Special Feature: Growth of Passive Funds

Passive funds such as index funds and exchange-traded funds (ETFs) are benchmark-driven and track components of market indices. Such passive funds maximise returns by replicating a representative benchmark. The appeal of passively managed funds lies in their diversified and low-fee portfolios, which in some cases outperform their actively managed counterparts.

Passive investing, together with technological changes and the use of data, have the potential to change the way that securities markets function and market participants interact. Given their tracking of benchmark indices, passive fund weightages could influence the presence of foreign investors in a country. The addition of a PLC to an index would result in an inflow of investment from funds tracking the index, benefiting the domestic capital market.

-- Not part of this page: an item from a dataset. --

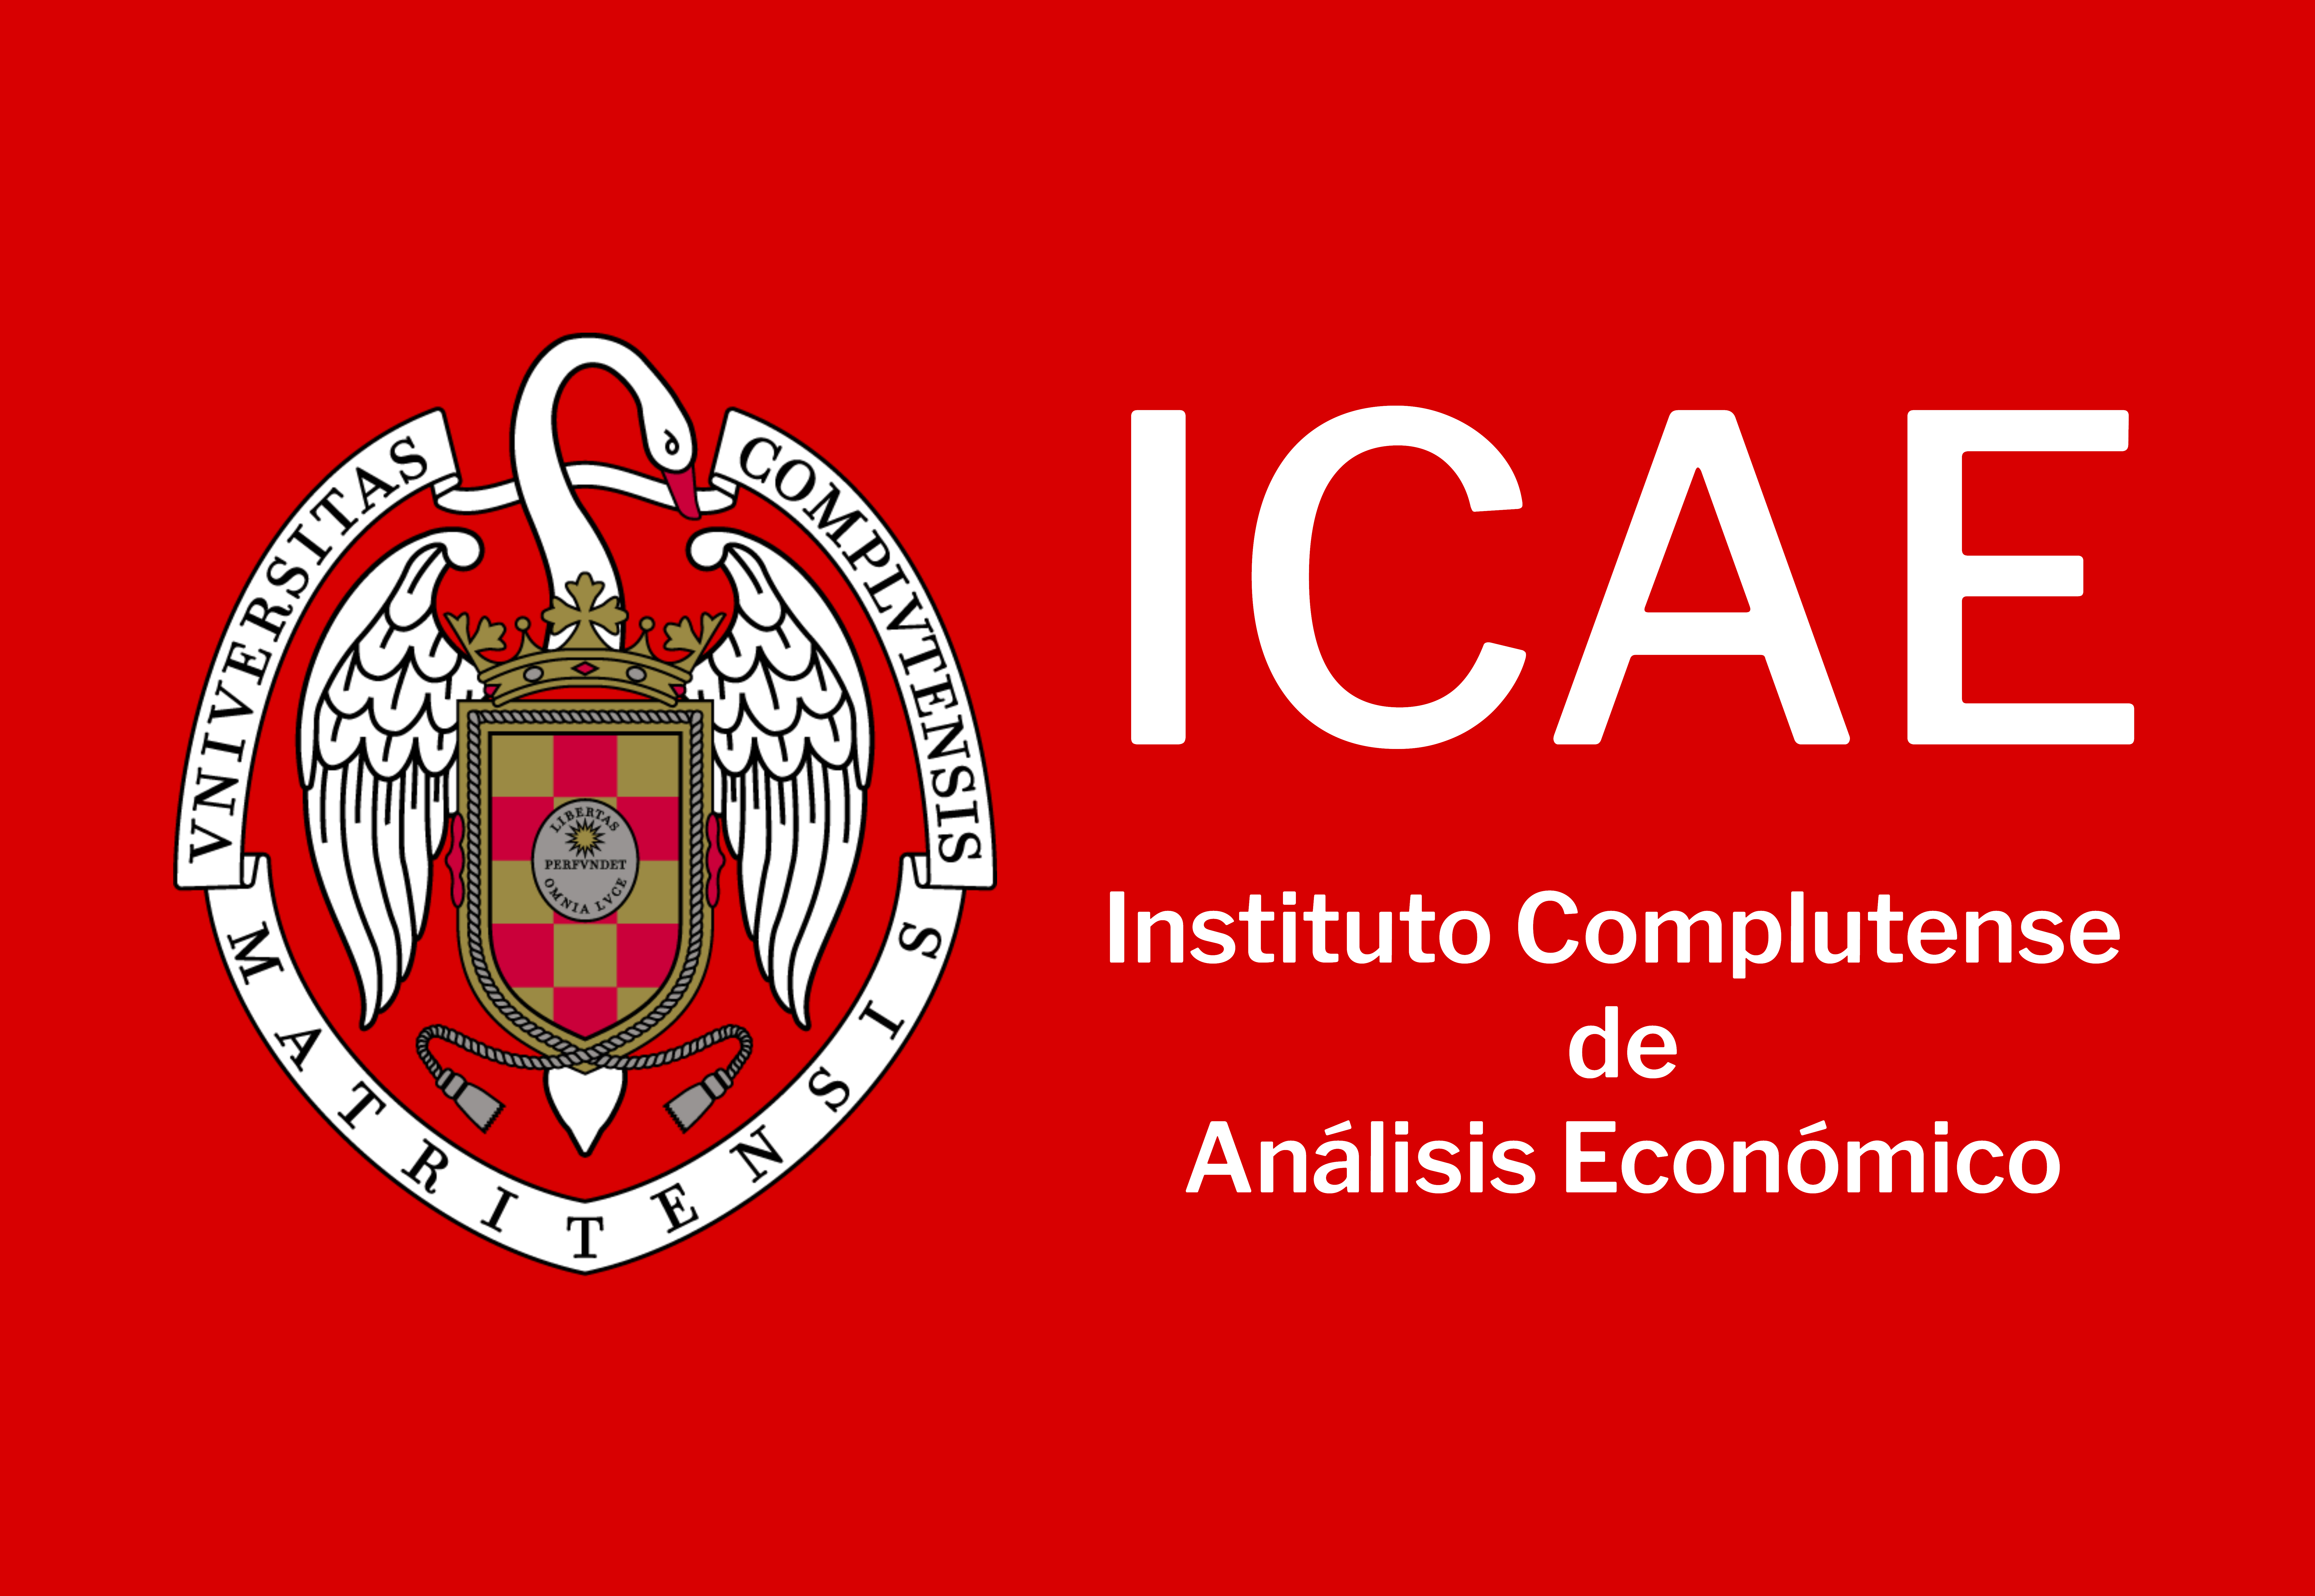 Logo ICAE 9.134 x 6.299 px JPG

Globally recognised indices that track Malaysia include the MSCI Emerging Markets Index, FTSE Emerging Index, and the Nasdaq Emerging Markets Index. The MSCI Emerging Markets Index comprises large and midcap representation across 24 emerging market countries, covering almost 12% of the world market capitalisation. Malaysia’s securities weightage in the MSCI Emerging Markets Index was 1.52% as of 30 September 2022.

In the US, Bloomberg Intelligence reported that it is only a matter of time before passive assets overtake active assets in mutual funds and ETFs. As of December 2020, approximately 42.9% (US$10 trillion) of US-based mutual funds and ETFs were passively managed which were up from 31.6% (US$4.1 trillion) at the end of 2015, demonstrating the rapid growth of passive funds. For emerging markets, there was a 5% increase in AUM benchmarked to the MSCI Emerging Markets Index from December 2016 to December 2021. In Malaysia, it was estimated that RM41.85 billion or 40.59% of foreign non-strategic investors were passive investors who tracked index funds in general. In this regard, Malaysian PLCs included in an index would be appealing to passive funds. Thus, the shifting trend from active to passive investing intensifies the need for PLCs to be competitive in terms of size and liquidity.

The IMF in its Global Financial Stability Report issued in April 2019 highlighted that while inclusion in an index provides emerging market countries with access to a larger and more diverse pool of financing, inflows are highly sensitive to global or regional factors common to emerging markets included in the index. Investors are inclined to treat emerging markets as an asset class rather than focus on country-specific developments. Consequently, any adverse news to emerging markets as a group may cause destabilising effects to a country with a larger share of benchmark-driven investments.

There could also be systemic stability concerns when rebalancing is being carried out by leveraged or inverse ETFs as it could potentially cause adverse price movements. The increasing use of passive-index and benchmark-hugging-active investment strategies to invest in high-risk, low-liquidity assets might exacerbate first-exit incentives by increasing the likelihood of fire-sales under stress.1 Given the concerns, the increase in passive funds has prompted comprehensive discussions between index providers, regulators, and investors. In addition, enhanced transparency by index providers in terms of eligibility criteria would also improve flow volatility management.

1Policy Considerations: Investment Funds and Financial Stability. Garcia Pascual, A., Singh, R. & Surti, J. IMF. 2021.